Их протоплемя поразила магическая хворь и сделала заразной саму их жизнь. Чего бы они ни касались – то ерзало, столы били чечетку, стулья били чечетку, книги танцевали, неодушевленное раздухарялось и тревожилось, как новорожденные. Мидас не мог съесть бутерброд из золота, но и эти векторы, эти Оживозные Мэри[68], не больше его могли съесть хлеб с сыром, который вдруг норовил прогарцевать по округе.
– Это была мутация, – сказал Варди. Термин он назвал аккуратно и с нейтральной неприязнью. – Адаптивная мутация.
– Это плохо? – спросила Коллингсвуд при виде его выражения.
– Для кого? Мутация, как говорят некоторые, спасает не хуже Бога.
Возможно, из-за бережного разведения, которого требовали кремниевые ружья – эти привередливые и плюющиеся свинцом звери; возможно, из-за подавленной обиды на жизнь: как бы то ни было, только оружие у фермеров оживало не так шумно, произвольно – их оружие становилось машинами эгоистичного гена.
– Пули – оружейная икра, – сказала Коллингсвуд Бэрону, глядя на Варди. Фермеры выжимали из своих священных металлических зверей перкуссивную кульминацию – оплодотворение выбросом кордита, насильственные яйцеклады. Фермеры искали теплые места, полные питательных веществ, прятали детенышей оружия глубоко в грудных клетках, пока те не вылуплялись. – Что до меня не доходит, так это почему они от этого такие охренительные.
– Потому что они блюдут свои стада, – сказал Варди. – И находят им гнезда. – Он посмотрел на часы.
– Как скажешь. Короче, кого-то теперь до хрена убьют, – сказала Коллингсвуд. – И короче, кто им за это платит? Я ничего не нахожу. И фиг знает, что это значит, – если ее попытки проекции, удаленного наблюдения, сенсорной щекотки, ночного вынюхивания, дрейфующих помех и трепета военных кодировок не давали никаких сведений, это однозначно говорило, что на ее добычу накинут покров тайны.
– Варди, – сказал Бэрон, – ты куда намылился? Эй!
– Оставь, босс, – сказала Коллингсвуд. – Пусть наша Мистическая Пицца сама разбирается. А я хочу забуриться в это дело оружейных фермеров. Мы же пройдем по денежному следу и без Дока Суперзрения, правда?
Пит Дуайт спрашивал себя, не ошибся ли он с выбором карьеры. Не то чтобы он был особенно плохим офицером: ни жалоб, ни выговоров. Но он всегда оставался на взводе. Все дни на дежурстве его мутило от фоновой нервозности, глодало чувство, что он что-то делает неправильно. Так и до язвы недалеко.

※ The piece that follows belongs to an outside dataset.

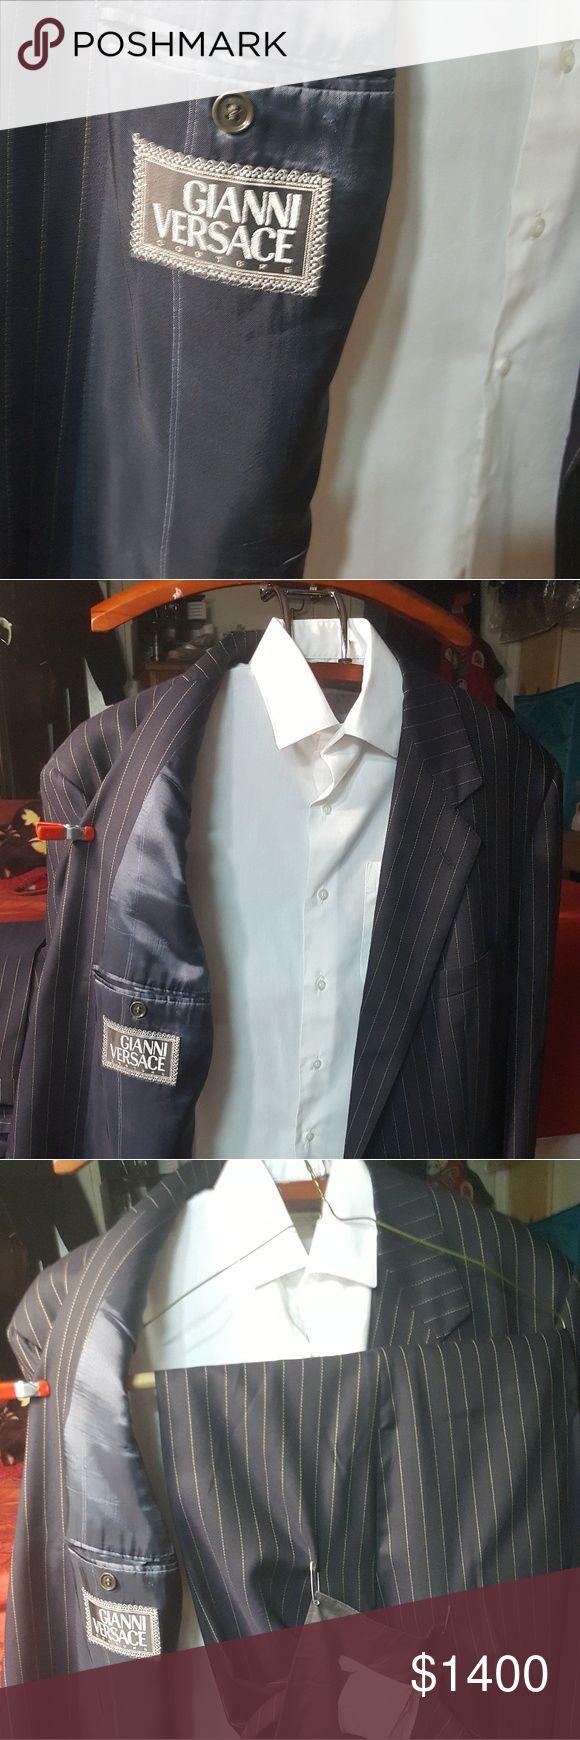 Gianni Versace pin stripe suit Men's authentic Gianni Versace pin stripe suit Versace Suits & Blazers Suits

– Привет? – Его поприветствовал какой-то знакомый офицер в штатском, хотя Пит и не вспомнил его имени.
– Привет, приятель.
– Видел Бэрона?
– Нет, вроде нет, – ответил Пит. – Но Кэт на месте. Что тебе надо от этих чудиков? – Пит по-товарищески рассмеялся и вдруг перепугался, что этот человек сам состоит в особом отряде по культам, над которым Пит шутил. Но нет, он знал его не оттуда, и в любом случае тот сам уже смеялся и направлялся в глубь участка.
В главной комнате под треск клавиатур пролистывала документы Симона Болл. Ей было за тридцать, она любила классические мультфильмы и получала удовольствие – хоть и нечасто выпадавшее – от путешествий по Европе. Она семь лет состояла во вспомогательном штате полиции. Она подозревала, что муж ей изменяет, и поражалась тому, что не имеет ничего против.
– Где Кэт? – спросил ее кто-то. Она узнала человека, махнула в нужном направлении и продолжала думать о муже.
В коридоре детектив-инспектор Бен Сэмуэлс, задумавшись об экзамене своей дочери по игре на пианино, поднял взгляд и поприветствовал знакомого. Тот спрашивал о направлении у полицейской в форме, Сьюзан Грининг, которая отвечала с ухмылкой, взбудораженная ощущением, что недавно они с ним флиртовали, наверняка. Снаружи помещений ОПФС три человека обменивались мнениями о футбольном матче, хотя один из них его не смотрел, а только притворялся. Они расступились перед новоприбывшим, кивнули и поздоровались, бормоча фонемы, когда не смогли вспомнить его имя, и тот, который врал, в приливе гиперкомпенсации даже спросил, что он думает о матче. Человек присвистнул и восхищенно покачал головой, и все трое с энтузиазмом согласились, хотя так и не могли вспомнить его имя, – но помнили, что он фанат какой-то из игравших команд.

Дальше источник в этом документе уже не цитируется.